Chinese mathematician

Tian Ye or Ye Tian (田野; born November 1971) is a Chinese mathematician known for his research in number theory and arithmetic geometry. He is a professor of mathematics at the Chinese Academy of Sciences and is the deputy director of its Morningside Center of Mathematics.

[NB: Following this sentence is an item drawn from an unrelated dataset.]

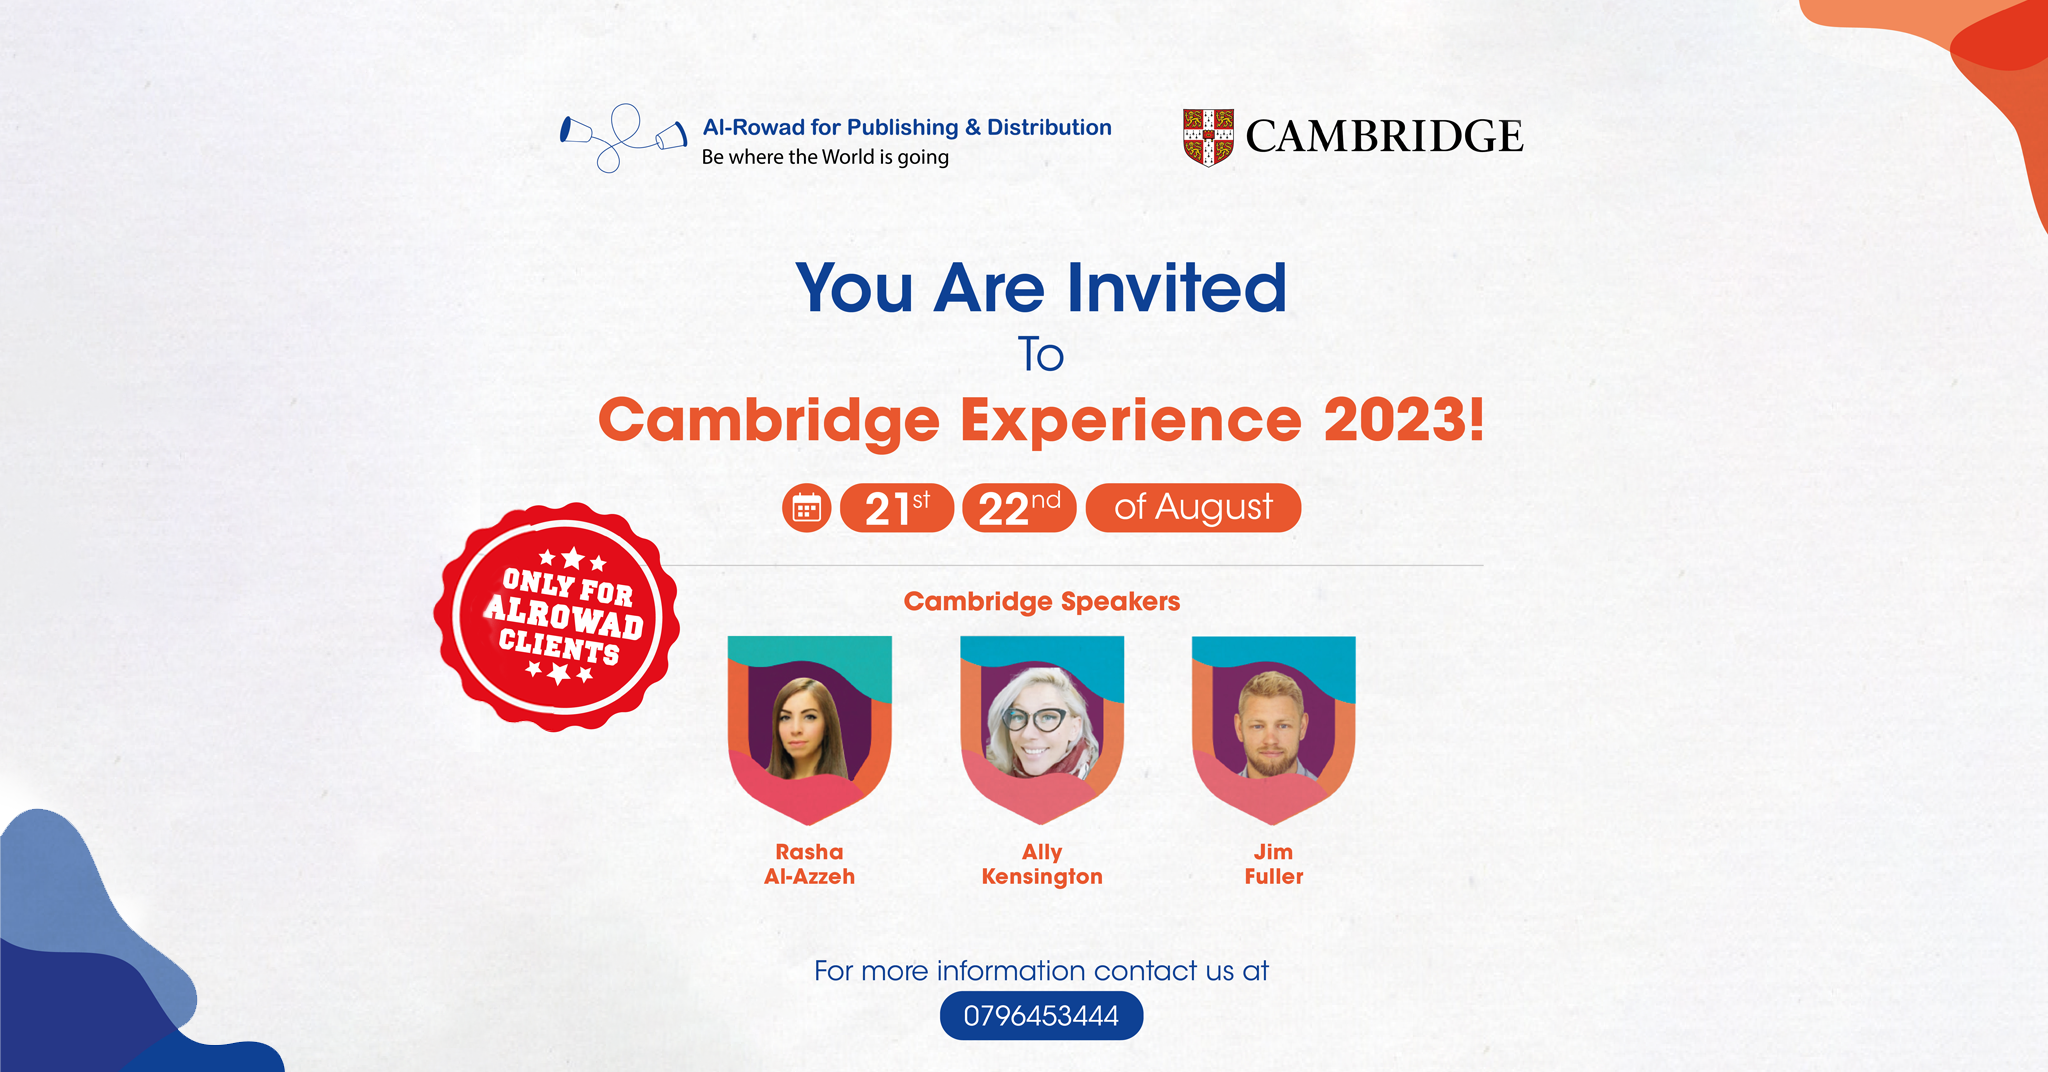 Cambridge Experience 2023!

==Early life and education==
Tian Ye was born in Neijiang, Sichuan, China in November 1971. From 1989 to 1996, he studied at Sichuan University where he received his B.S. and M.S. He received his Ph.D. in mathematics under Shou-Wu Zhang at Columbia University in 2003. He was a member at the Institute for Advanced Study from 2003 to 2004.

==Career==
Tian was a post-doctoral researcher at McGill University from 2004 to 2006. He has been a professor at the Chinese Academy of Sciences since 2006. He is the deputy director of the Morningside Center of Mathematics.

==Awards and honors==
Tian received the ICTP Ramanujan Prize (2013) and the Morningside Medal (Silver 2007, Gold 2013). He was elected a member of the Chinese Academy of Sciences in 2023.

He was an invited speaker at the International Congress of Mathematicians in 2022.

==Selected publications==
- Burungale, Ashay (2020). "p-converse to a theorem of Gross–Zagier, Kolyvagin and Rubin".
- Diaconu, Adrian (2005). "Twisted Fermat curves over totally real fields".
- Li, Jian-Shu (2011). "The multiplicity one conjecture for local theta correspondences".
- Tian, Ye (2014). "Congruent numbers and Heegner points".